▶ [PROBLEM] When you write out the listing, keep every character and omit the pictures.

▶ [DATASET EXCERPT]
___

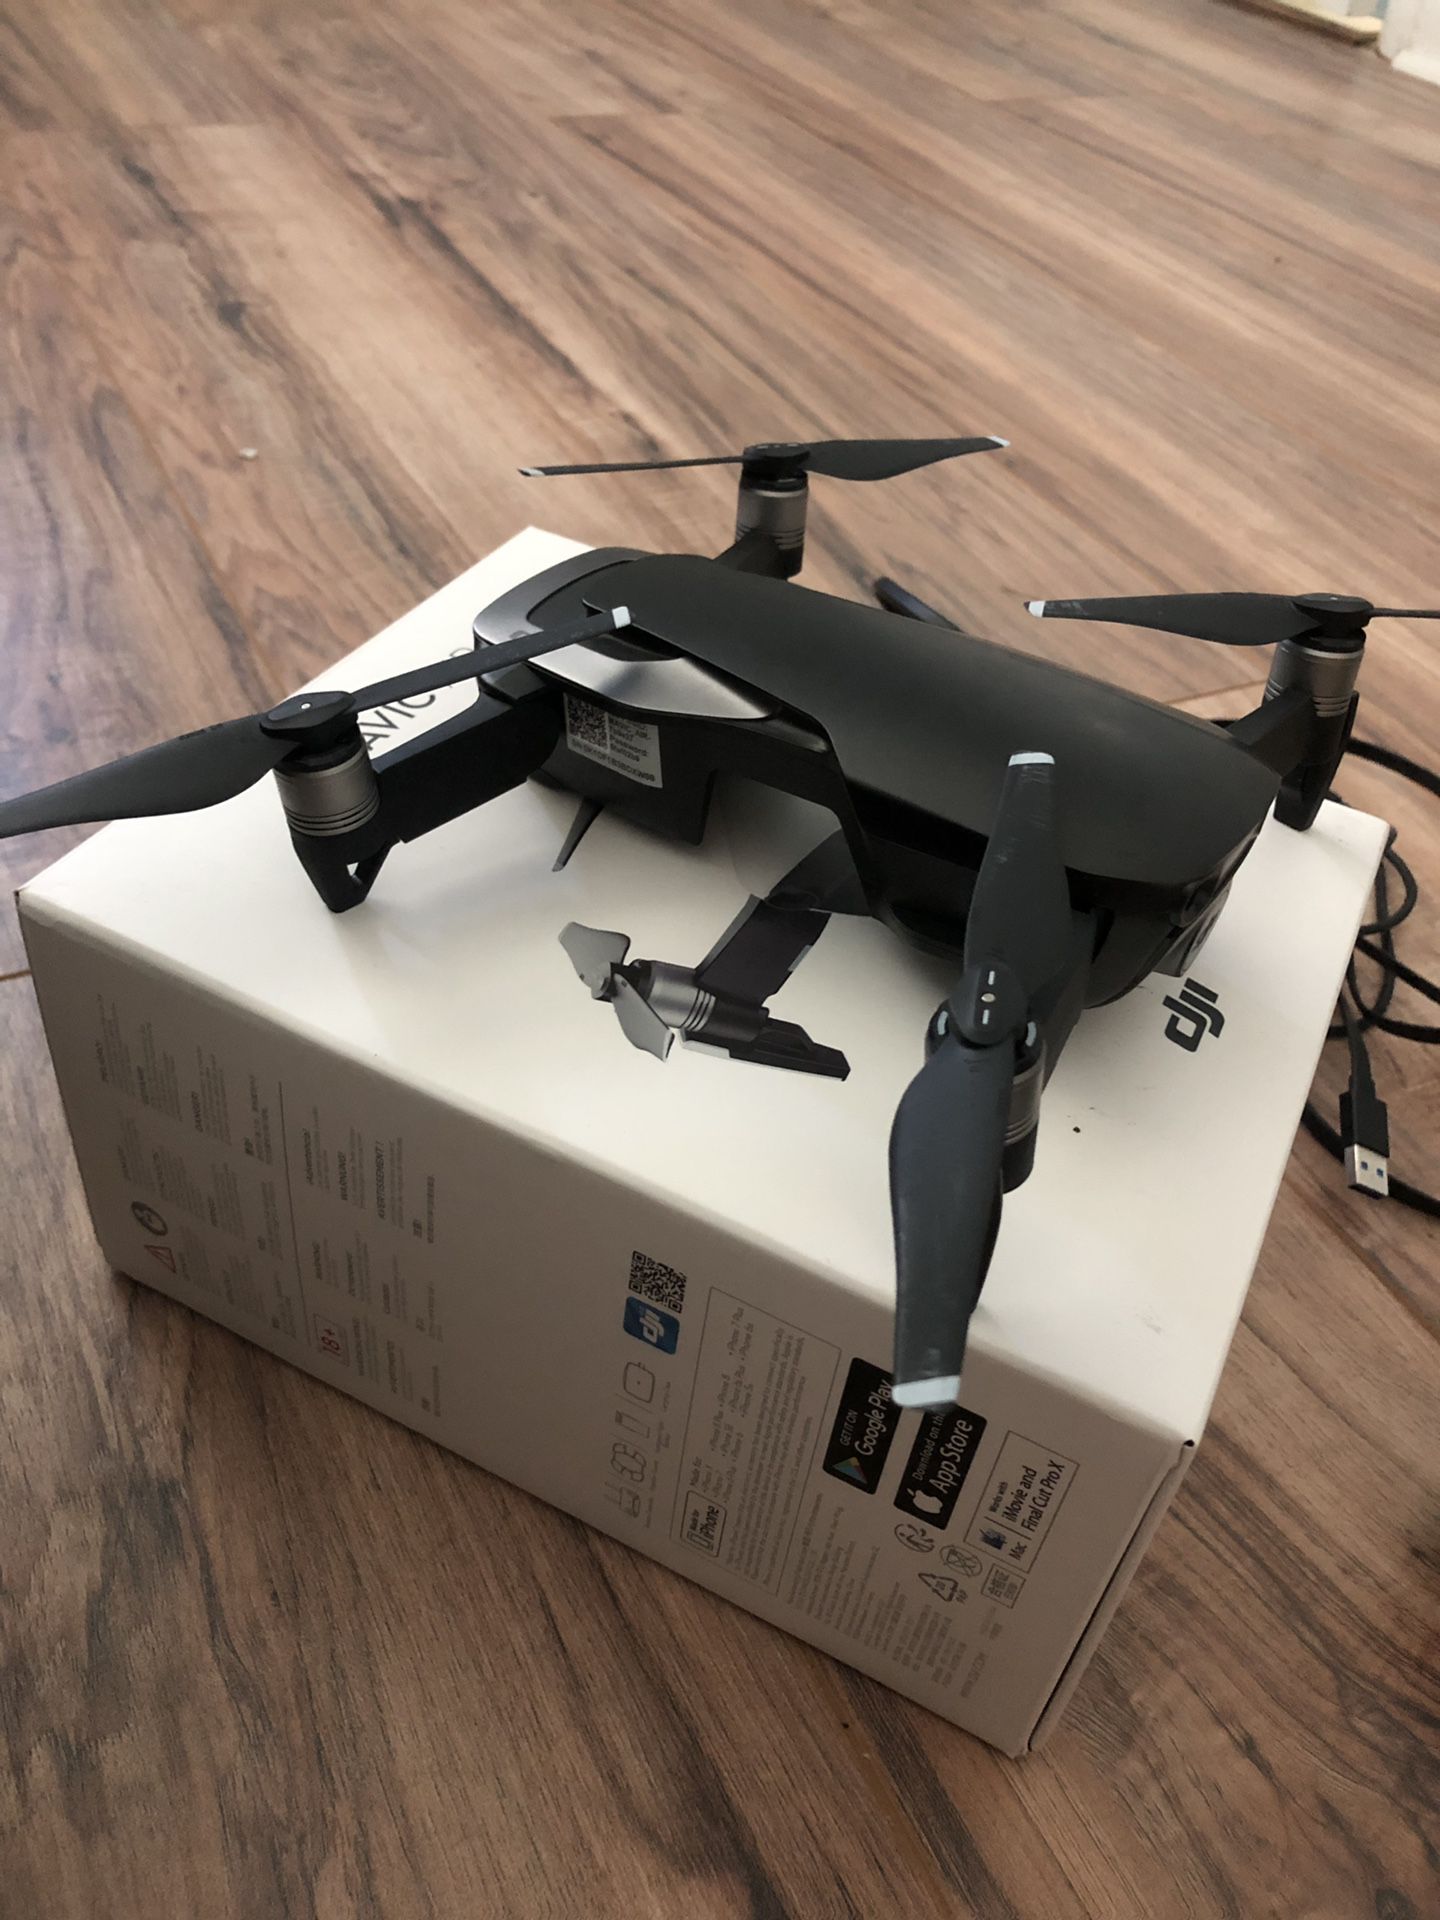 Dji mavic Air drone
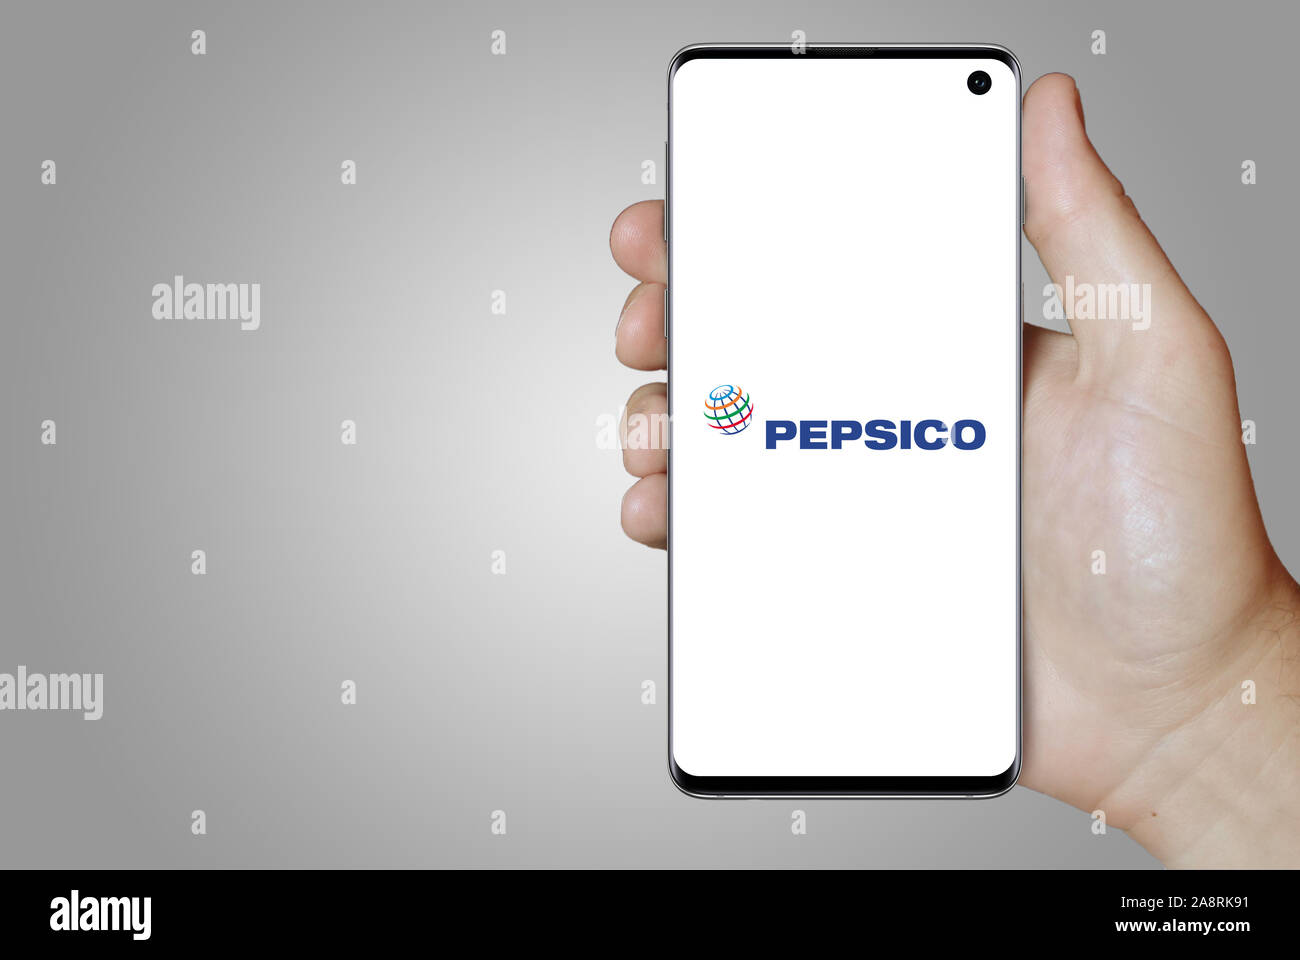 Logo of public company PepsiCo Inc. displayed on a smartphone. Grey background. Credit: PIXDUCE Stock Photo
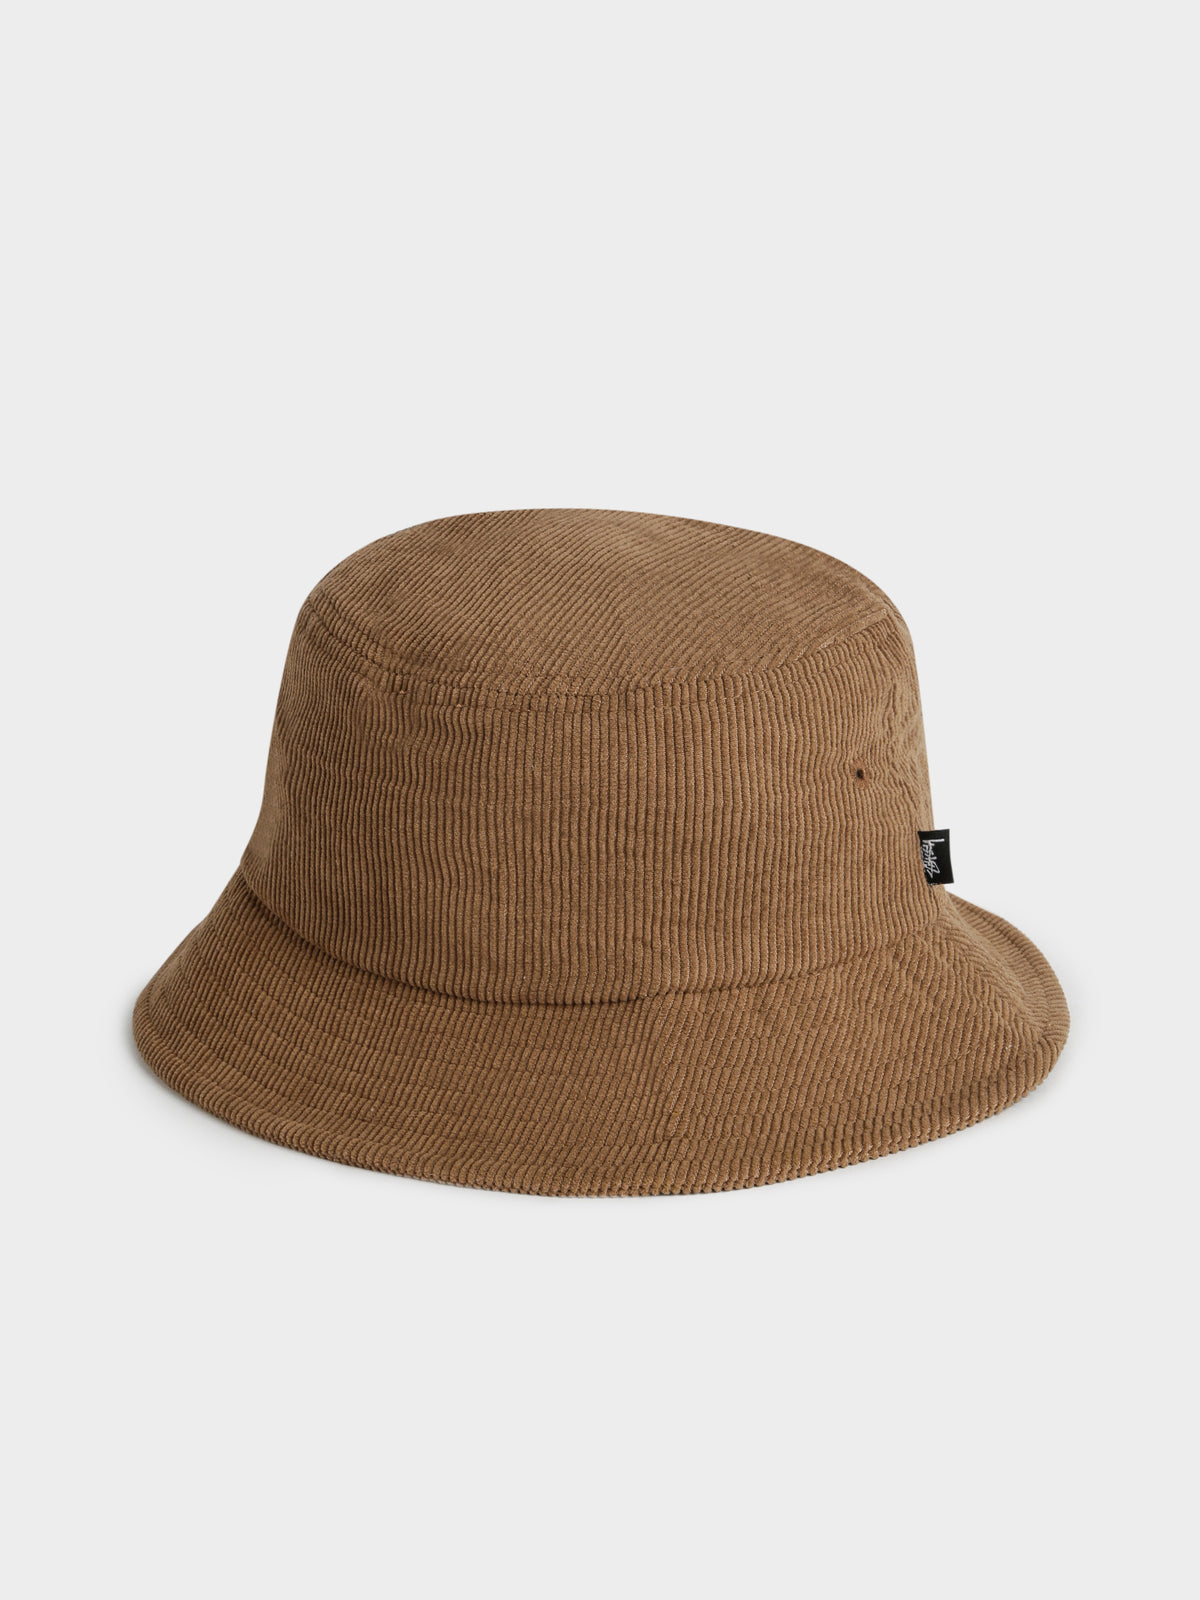 Graffiti Cord Bucket Hat in Brown

___

▶ [YOUR RESPONSE]
 Dji mavic Air drone
 Logo of public company PepsiCo Inc. displayed on a smartphone. Grey background. Credit: PIXDUCE Stock Photo
 Graffiti Cord Bucket Hat in Brown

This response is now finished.